On Teacher Evaluation: Slow Down And Get It Right

** Reprinted here in the Washington Post

The following is written by Morgan S. Polikoff and Matthew Di Carlo. Morgan is Assistant Professor in the Rossier School of Education at the University of Southern California.

One of the primary policy levers now being employed in states and districts nationwide is teacher evaluation reform. Well-designed evaluations, which should include measures that capture both teacher practice and student learning, have great potential to inform and improve the performance of teachers and, thus, students. Furthermore, most everyone agrees that the previous systems were largely pro forma, failed to provide useful feedback, and needed replacement.

The attitude among many policymakers and advocates is that we must implement these systems and begin using them rapidly for decisions about teachers, while design flaws can be fixed later. Such urgency is undoubtedly influenced by the history of slow, incremental progress in education policy. However, we believe this attitude to be imprudent.

The risks to excessive haste are likely higher than whatever opportunity costs would be incurred by proceeding more cautiously. Moving too quickly gives policymakers and educators less time to devise and test the new systems, and to become familiar with how they work and the results they provide.
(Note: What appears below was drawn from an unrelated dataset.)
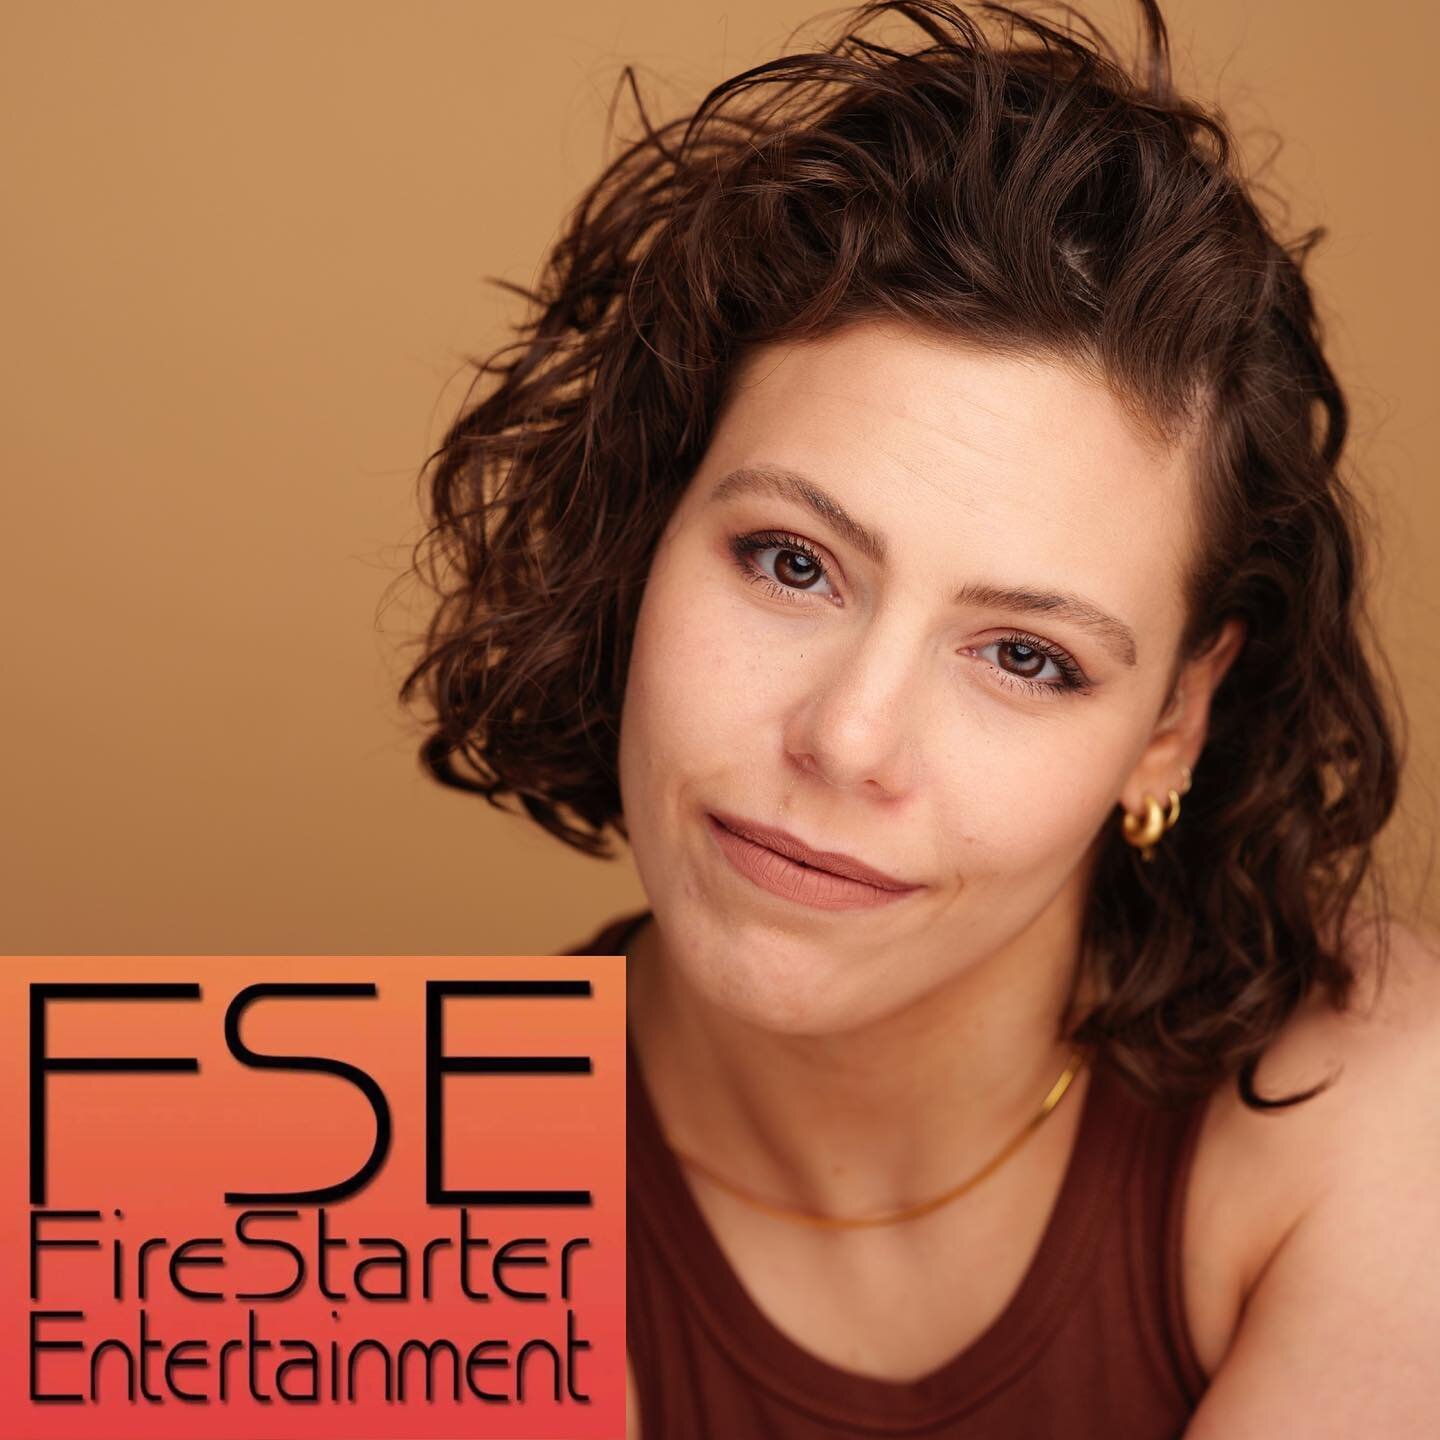 So excited to announce to the world that I&rsquo;ve signed with @fsetalent !! 

Hard consistent work really does pay off. Can&rsquo;t wait to see where this next chapter takes me!

Moreover, careless rushing may result in avoidable erroneous high stakes decisions about individual teachers. Such decisions are harmful to the profession, they threaten the credibility of the evaluations, and they may well promote widespread backlash (such as the recent Florida lawsuits and the growing "opt-out" movement).  Making things worse, the opposition will likely “spill over” into other promising policies, such as the already-fragile effort to enact the Common Core standards and aligned assessments.

Finally, we must not underestimate the costs, financial and otherwise, of making large changes to these systems once they are in place. A perfect example is NCLB – it had many obvious design flaws that were known early on, but few of these have been corrected, even in states’ ESEA “flexibility” applications.

In short, given these risks and the difficulty of fairly and accurately measuring teacher effectiveness, it seems short-sighted to rush into full-blown implementation without ensuring that the new systems are up to the task.

To that end, we would like to highlight four issues to which states and districts must pay attention in the short term.

The first is that the details of the evaluations, some of which may seem esoteric, in fact matter tremendously. Important choices include (but are not limited to): selecting measures, particularly for teachers in non-tested grades and subjects; reporting evaluation results to educators in a manner that is useful to their practice; ensuring accuracy in state data systems; choosing cut scores (if desired) to separate more and less effective educators; and designing scoring systems that preserve each measure’s intended importance, or “weight." All of these decisions are important, but even a cursory read of states' new evaluation policies under the waivers or Race to the Top highlights many decisions that contradict what little we know about effective teacher evaluation systems.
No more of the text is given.